SMOTE-N

$\begin{displaymath} \delta(V_{1},V_{2}) = \sum_{i=1}^n{\vert\frac{C_{1i}}{C_1} - \frac{C_{2i}}{C_2}\vert}^k\end{displaymath}$

(1)

In the above equation, V₁ and V₂ are the two corresponding feature values. C₁ is the total number of occurrences of feature value V₁, and C_1i is the number of occurrences of feature value V₁ for class i. A similar convention can also be applied to C_2i and C₂. k is a constant, usually set to 1. This equation is used to compute the matrix of value differences for each nominal feature in the given set of feature vectors. Equation 1 gives a geometric distance on a fixed, finite set of values [37]. Cost and Salzberg's modified VDM omits the weight term w_f^a included in the $\delta$ computation by Stanfill and Waltz, which has an effect of making $\delta$ symmetric.

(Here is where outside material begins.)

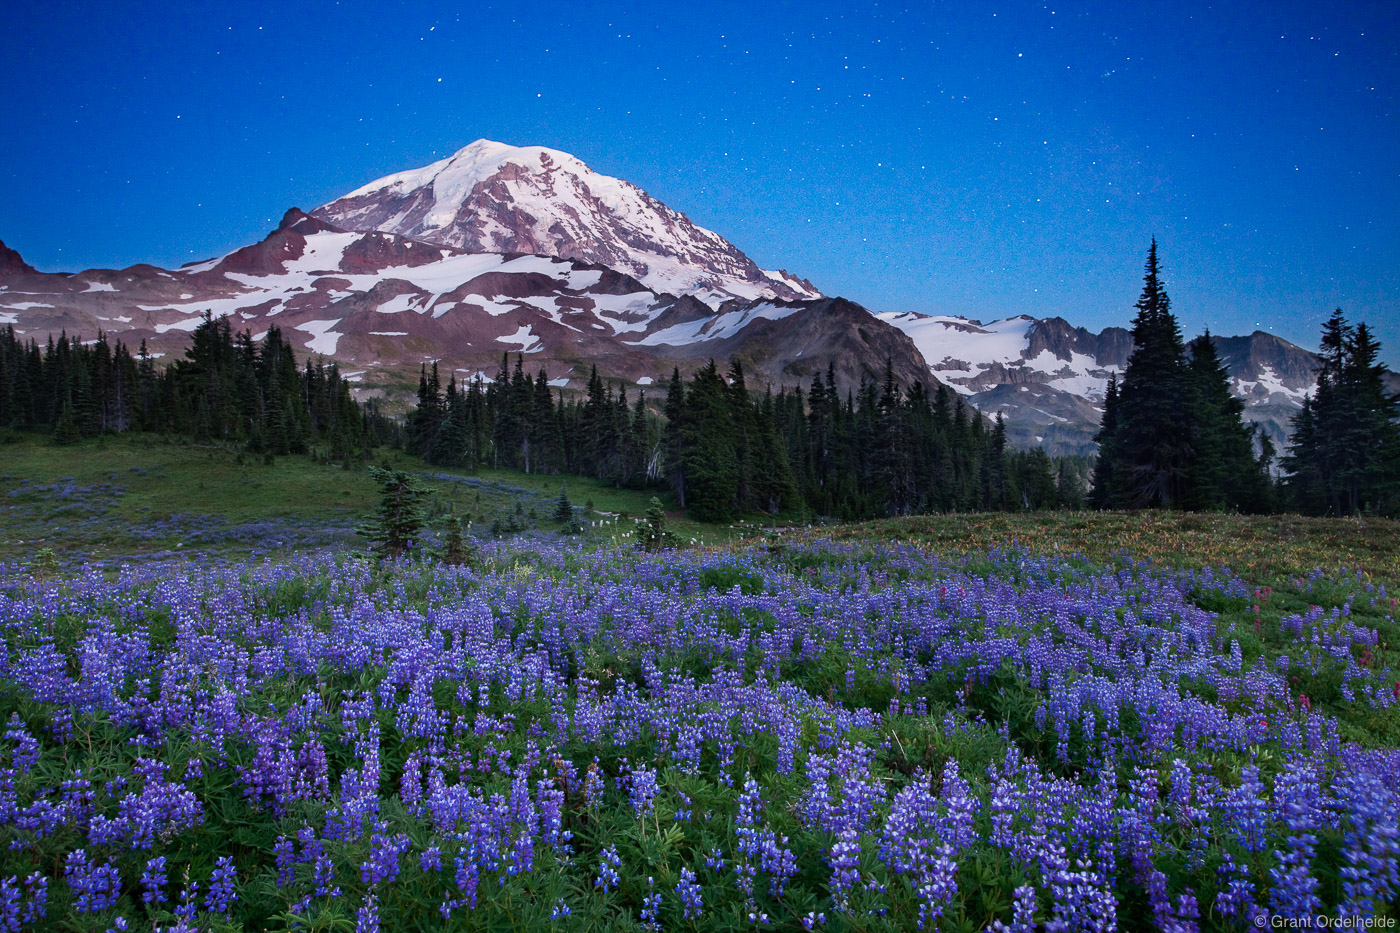 Twilight stars and lupine during a peaceful evening at Spray Park in Mt. Rainier National Park.

The distance $\Delta$ between two feature vectors is given by:

$\begin{displaymath} \Delta(X, Y) = w_xw_y \sum_{i=1}^N\delta(x_i,y_i)^r\end{displaymath}$

(2)

r = 1 yields the Manhattan distance, and r = 2 yields the Euclidean distance [37]. w_x and w_y are the exemplar weights in the modified VDM. w_y = 1 for a new example (feature vector), and w_x is the bias towards more reliable examples (feature vectors) and is computed as the ratio of the number of uses of a feature vector to the number of correct uses of the feature vector; thus, more accurate feature vectors will have w_x $\approx$ 1. For SMOTE-N we can ignore these weights in equation 2, as SMOTE-N is not used for classification purposes directly. However, we can redefine these weights to give more weight to the minority class feature vectors falling closer to the majority class feature vectors; thus, making those minority class features appear further away from the feature vector under consideration. Since, we are more interested in forming broader but accurate regions of the minority class, the weights might be used to avoid populating along neighbors which fall closer to the majority class. To generate new minority class feature vectors, we can create new set feature values by taking the majority vote of the feature vector in consideration and its k nearest neighbors. Table 6.2 shows an example of creating a synthetic feature vector.

Table 7: Example of SMOTE-N
Let F1 = A B C D E be the feature vector under consideration

and let its 2 nearest neighbors be

F2 = A F C G N

F3 = H B C D N

The application of SMOTE-N would create the following feature vector:

FS = A B C D N